Bank resilience: Economic affairs MEPs back EU plans to adopt Basel III rules
EU plans to adopt Basel III rules, to enhance EU banks’ resilience and financial stability, were backed by the Economic and Monetary Affairs Committee on Tuesday.
Proposals to amend the EU’s prudential requirements (CRD-V/CRR-II) should help boost the EU economy by increasing lending capacity and creating deeper and more liquid capital markets.
To ensure that banks are treated proportionately, according to their risk profiles and systemic importance, MEPs inserted a definition of a “small and non-complex institution” that should be subject to simplified requirements with regard to recovery and resolution planning and reduced reporting frequency.

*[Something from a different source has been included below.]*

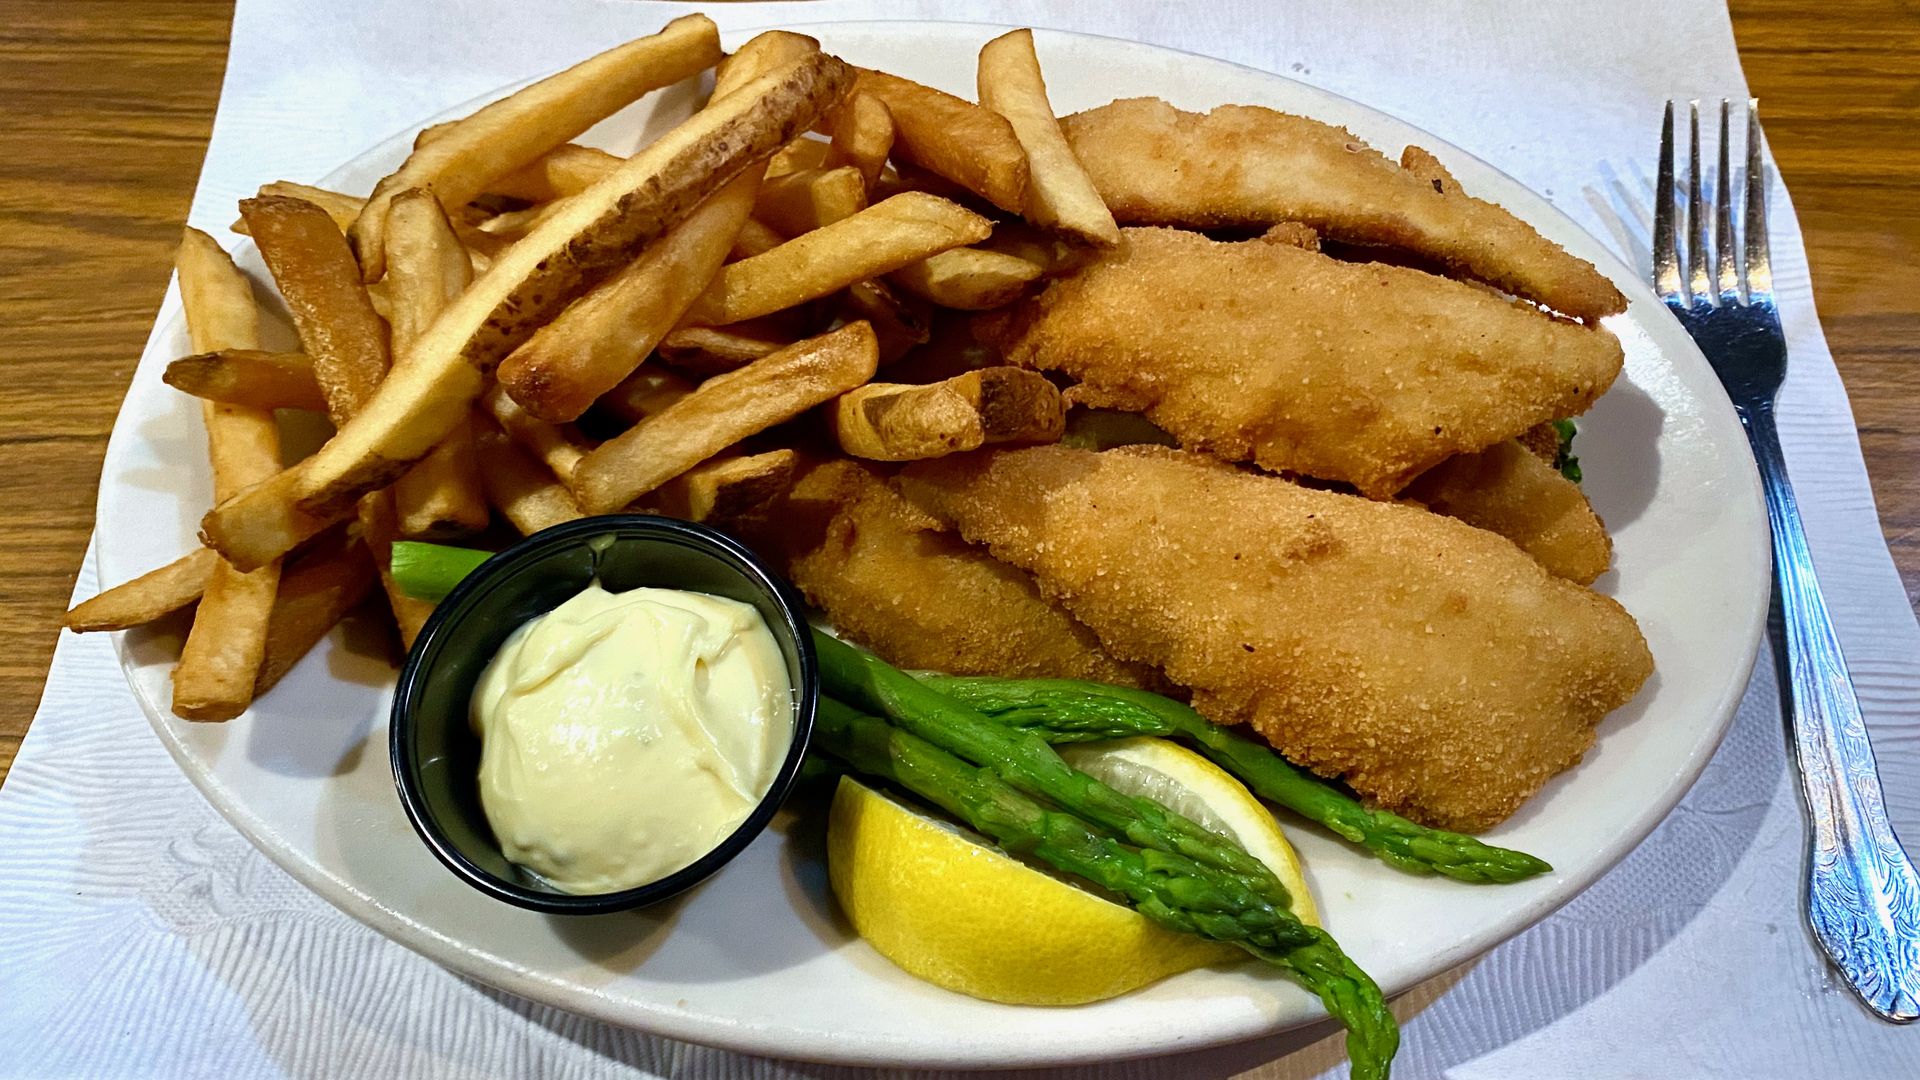 Perch. fries, asparagus, a lemon and tartar sauce on a plate on a wooden table

MEPs agreed to a binding 3% leverage ratio, MEPs and an additional 50% buffer for global systemically important institutions (GSIIs). They also refined Net Stable Funding Ratio (NSFR), rules for ascertaining whether an institution holds sufficient stable funding to meet its funding needs during a one-year period under both normal and stressed conditions
MEPs believe that a fixed list of banks that would be exempted from prudential requirements could be extended only on the basis of clear criteria. Moreover, EU member states would be required to ensure the publication of a list of excluded entities, together with information on deposit protection.
Deeper banking union
MEPs also took up the idea of waivers, as proposed by the EU Commission. These refer to own funds and liquidity requirements for banking groups operating across borders within the EU, which would help to complete the banking union. However, they decided to make the waivers more prudent, by stipulating that the amount of own funds waived should not exceed 25% of the minimum own funds requirement.
Rapporteur Peter Simon (S&D, DE) said: "We have today sent a strong signal for greater financial stability and tailor-made regulatory requirements for small and low-risk banks. The approach that a small low-risk bank must meet the same requirements as a large bank operating internationally is to become a thing of the past. But it is also clear that relief for small and low-risk banks must reduce administrative expenses without reducing regulatory requirements, such as capital and liquidity requirements".
"Proportionality in banking regulation also means that large, systemically important banks, which in the past have financed themselves partly on taxpayer costs through their risky business models, are not handled with kid gloves. The position of the European Parliament stipulates that large, systemically important banks must maintain more equity capital than before, due to a stricter debt ratio. This goes further than the EU Commission's proposal. In addition, risky trading transactions are to be recorded more precisely through a new framework."
"Finally, more account is to be taken of sustainability in future. Banks should take a close look at risks arising from environmental, social and management issues on the basis of guidelines".
Committee negotiators are ready for three-way talks with the Commission and the Council, once the text has been announced at Parliament’s July plenary session. The Council agreed its common approach at the end of May.